DCHA suggests that "the independent entrepreneur who builds a parking lot adjacent to a hospital may be subject to a CON review under the regulations ... whereas the parking lot project would not be subject to CON review under the statute." Using this example, DCHA asserts that the parking lot would be a "related to" expenditure, and therefore "subject to a CON review." This assertion ignores the fact that in the example there is no nexus between the hospital and the parking lot other than their geographic proximity, which would benefit both the entrepreneur and the hospital, its staff, and its patients. Such a benefit, in our view, would not be sufficient to require a CON review under the "related to" regulation. We think it farfetched to suggest that a CON would be necessary for any major expenditure, by anyone, simply because the expenditure might have some favorable impact on a health facility. Rather, we read the regulation as requiring a CON only when the health facility (or someone on its behalf, such as a charitable contributor) actually makes the expenditure, in whole or in part, or when there is some actual link between the health facility and the expenditure, such as a construction loan, a gift of land, or a promise to underwrite costs.

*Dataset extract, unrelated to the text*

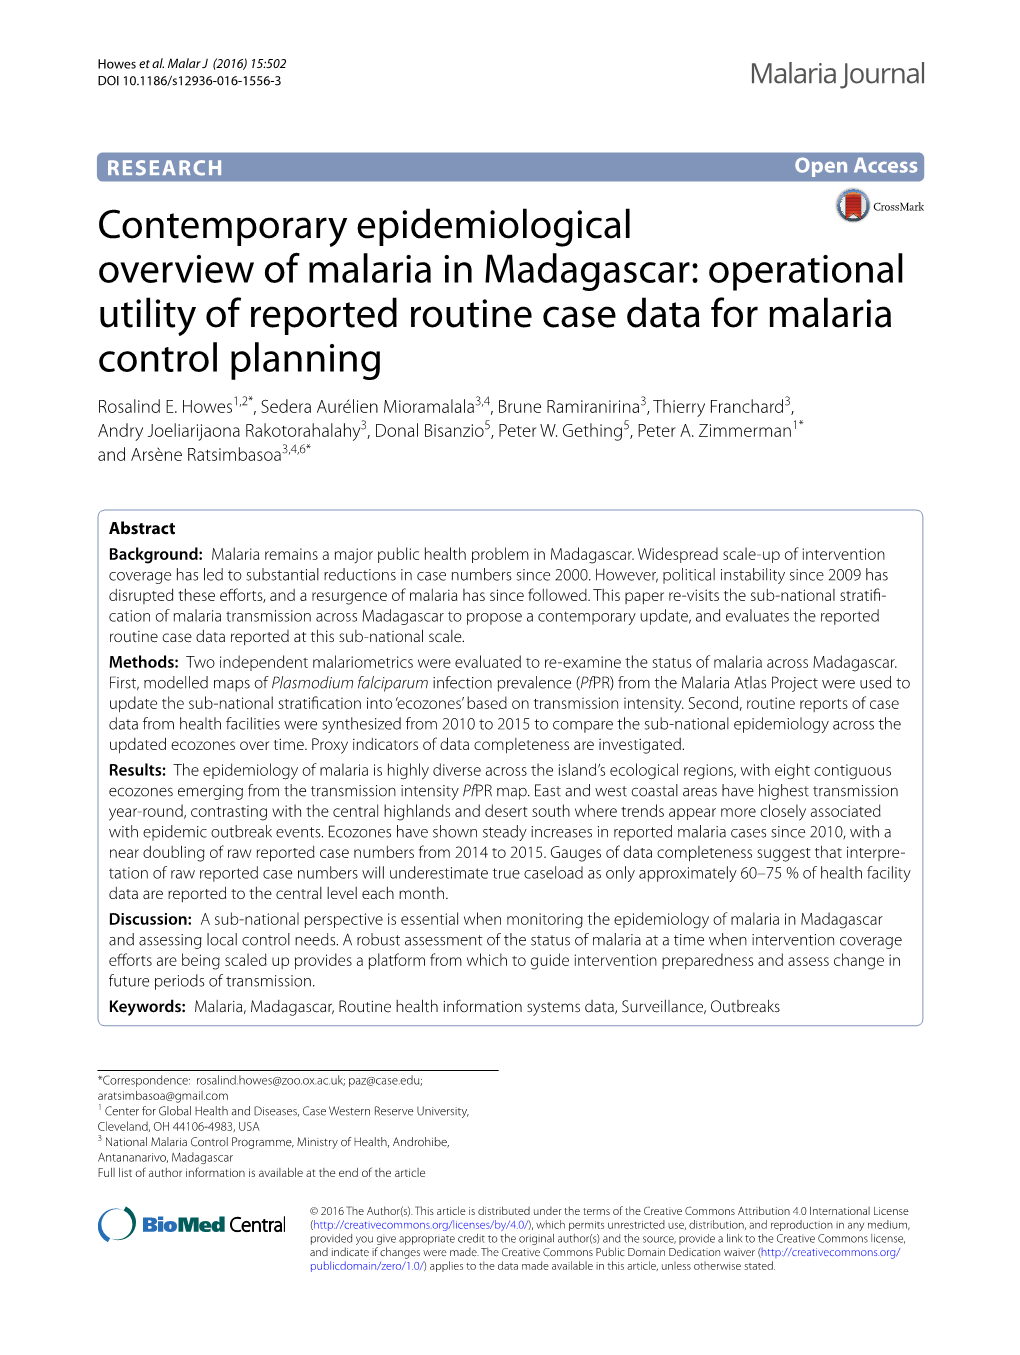 Contemporary Epidemiological Overview of Malaria in Madagascar: Operational Utility of Reported Routine Case Data for Malaria Control Planning Rosalind E

Our analysis is supported by the SHPDA's "Basis and Purpose Statement," which is included in the record on appeal.[12] The statement says in part:
First, the preamble to the federal regulations makes it clear that the term "by or on behalf of" used in the regulations at 42 C.F.R. § 123.404(a)(1) covers related expenses. In that preamble, the Secretary of the U.S. Department of Health and Human Services explained that "the term `by or on behalf of' includes capital expenditures made by the facility itself, as well as capital expenditures made by other persons which assist the facility in offering services to its patients".... Second, the construction of office buildings, parking lots, and other related services can have a direct bearing on costs, competition, and the like. Under 42 U.S.C. § 300n-1(c), 42 C.F.R. § 123.412(a), the SHPDA is required to take these factors into consideration in overseeing the health planning needs of the District. Third, one purpose of the CON law is to contain rising patient care costs. Thus, it is necessary for the SHPDA to review expenditures which potentially directly affect patient costs, since, once the expenditure is made, the cost is passed on to the consumer. [Emphasis in original.]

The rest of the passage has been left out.